BL is a very rare variant of gastric lymphomas, representing about 5% of all lymphomas of the stomach and 2.94% in our material (Table 1); large studies revealed no cases of gastric BLs.[ Gastric BL is mostly diagnosed in middle-aged persons, similar to our case, but young patients were also encountered.[ It is worthy mentioning that symptoms of patients can be related on the tumor biologic behavior, being about weight loss or progressive anemia, but fatal hemorrhage can also occur, such in the present case.
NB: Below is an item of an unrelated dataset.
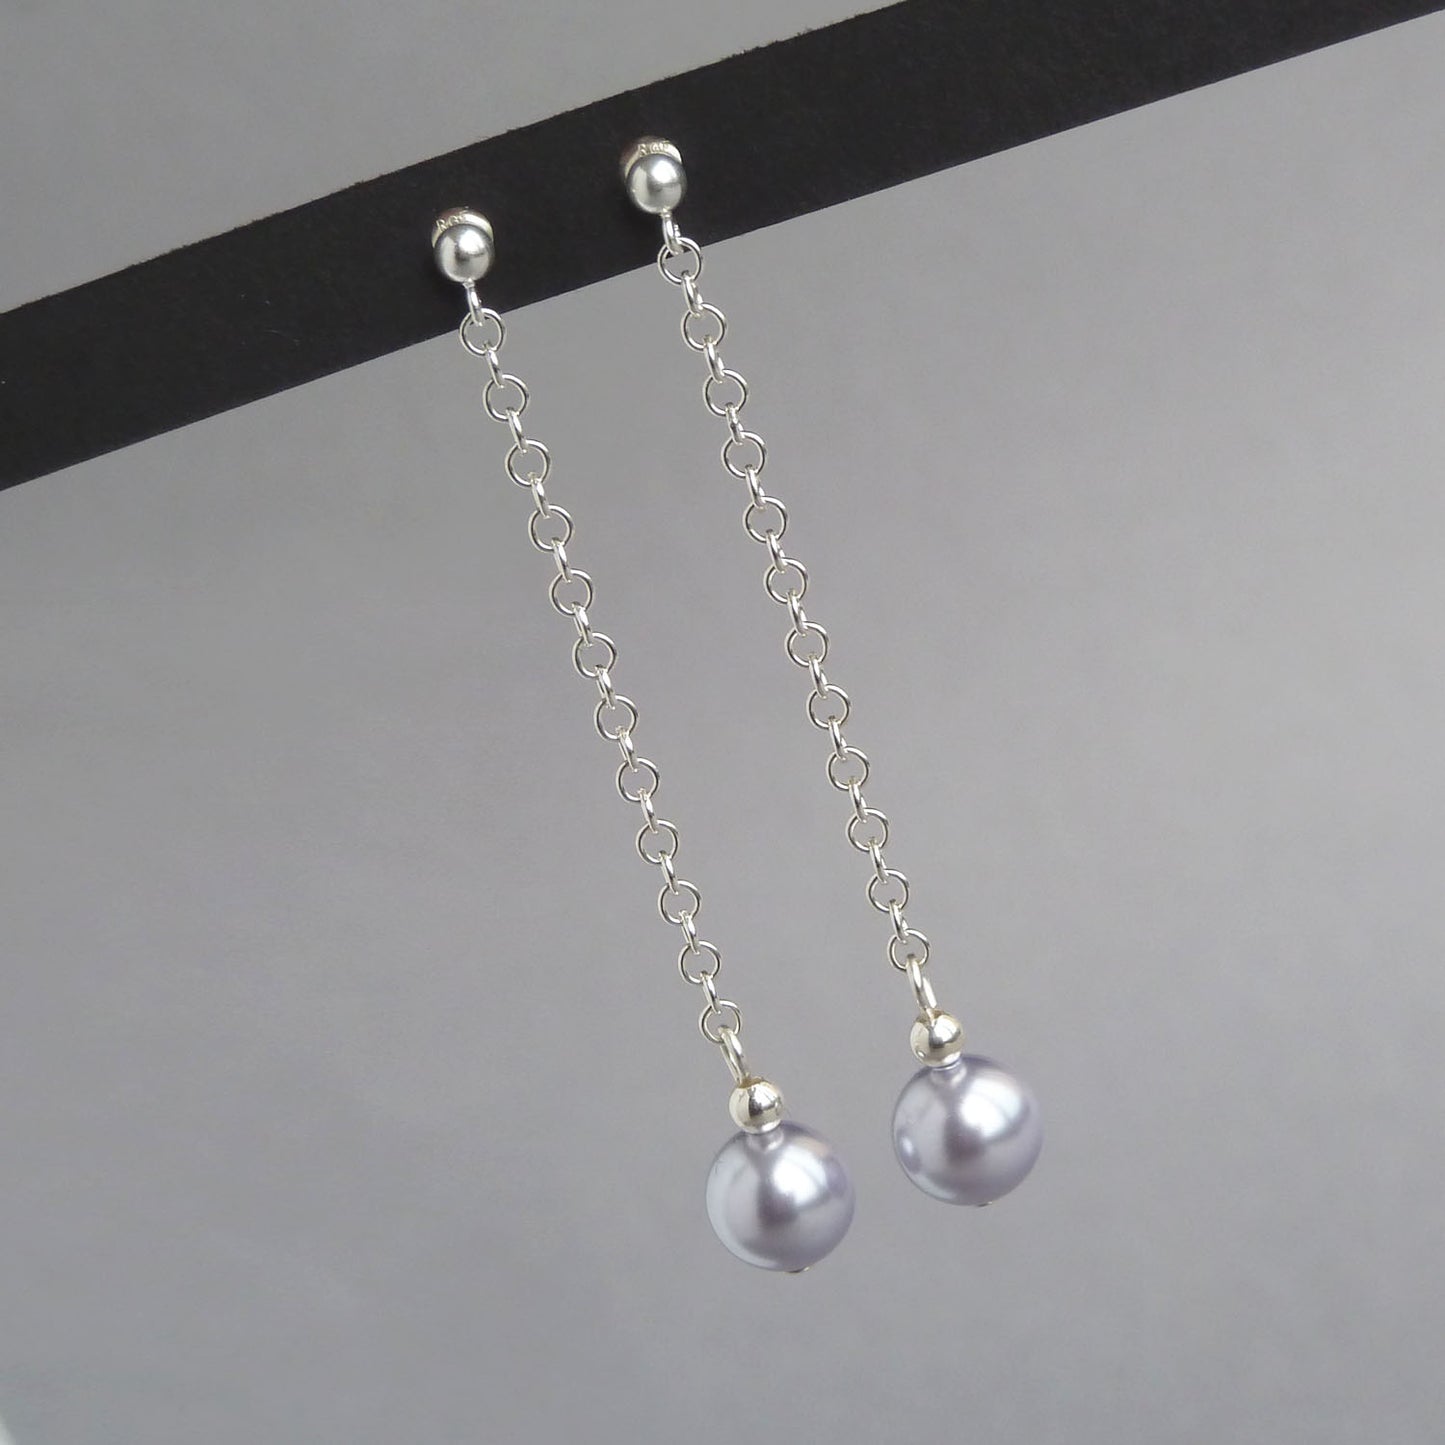 Lavender pearl bridesmaids earrings
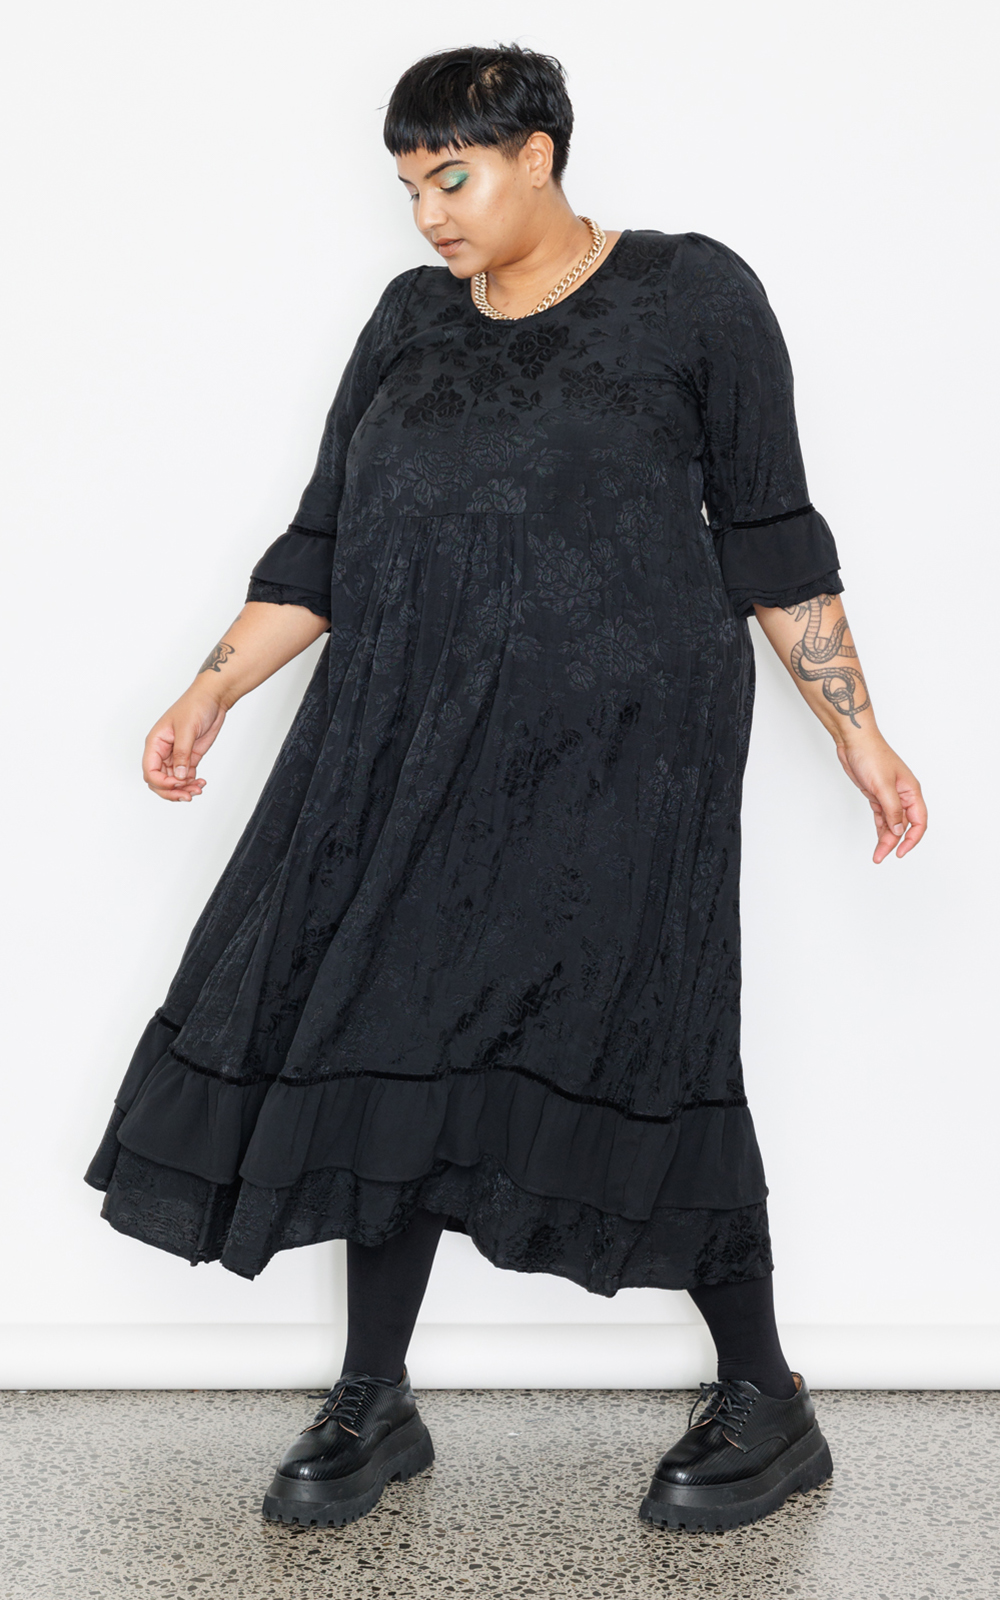 Ophelia Dress In Jacquard product photo.

Postoperatively, diagnosis of BL is very difficult and is mainly based on the immunoprofile and presence of FISH-detected c-myc translocation and its fusion with IgH gene, which is the trigger of BL-genesis[ but can also occur during progression of other types of lymphomas.[ Other 70 gene mutations were also described in BL cells including ID3 (DNA binding protein inhibitor), GNA13, RET, IP3K gene (Inositol-Triphosphate 3-kinase), PIK3R1, the SWI/SNF genes ARID1A and SMARCA4, as well as CCT6B, SALL3, FTCD, and PC.[ In BL-cells it was also observed that INK4/ARF gene influences the p16 and p14 suppressor genes that control the Rb and p53 pathways.[ Due to above mentioned complex genetic background of BL, the genetic determinations should be completed by immunohistochemical stains.[ Except c-myc/IgH translocation, positivity for B-cell markers CD20 and CD79a, a Ki67 proliferative index >90% and negativity for bcl-2 and/or bcl-6 is required to differentiate BL from DLBCL, which is c-myc wild-type, the Ki67 index is >90% and the diagnosis does not depend on the expression of bcl-2 or bcl-6. The intermediate BL/DLBCL lymphomas are diagnosed in cases with Ki67 positivity expressed in >90% of the cells that have 1 of the 2 molecular profiles: cases with c-myc/IgH translocation with positivity for at least 1 of the 2 immunohistochemical markers, bcl-2 or bcl-6; or cases without c-myc/IgH translocation, independently from the bcl-2/bcl-6 expression.[

In the present case, although the genetic analyses were not performed, being about a postmortem diagnosis, the histological architecture and immunohistochemical profile of the tumor cells (CD10+/bcl-2-/bcl-6+ and a very high Ki67 index) allowed us to establish the diagnosis. However, in the daily practice, certification of diagnosis of BL is necessary to be based on the presence of c-myc translocations.

Although BL presents a rapid grow, screening programs could save lives in such cases. Moreover, BL-associated massive hemorrhage can be a life-threatening complication that is very difficult to be therapeutically managed in the advanced-staged cases.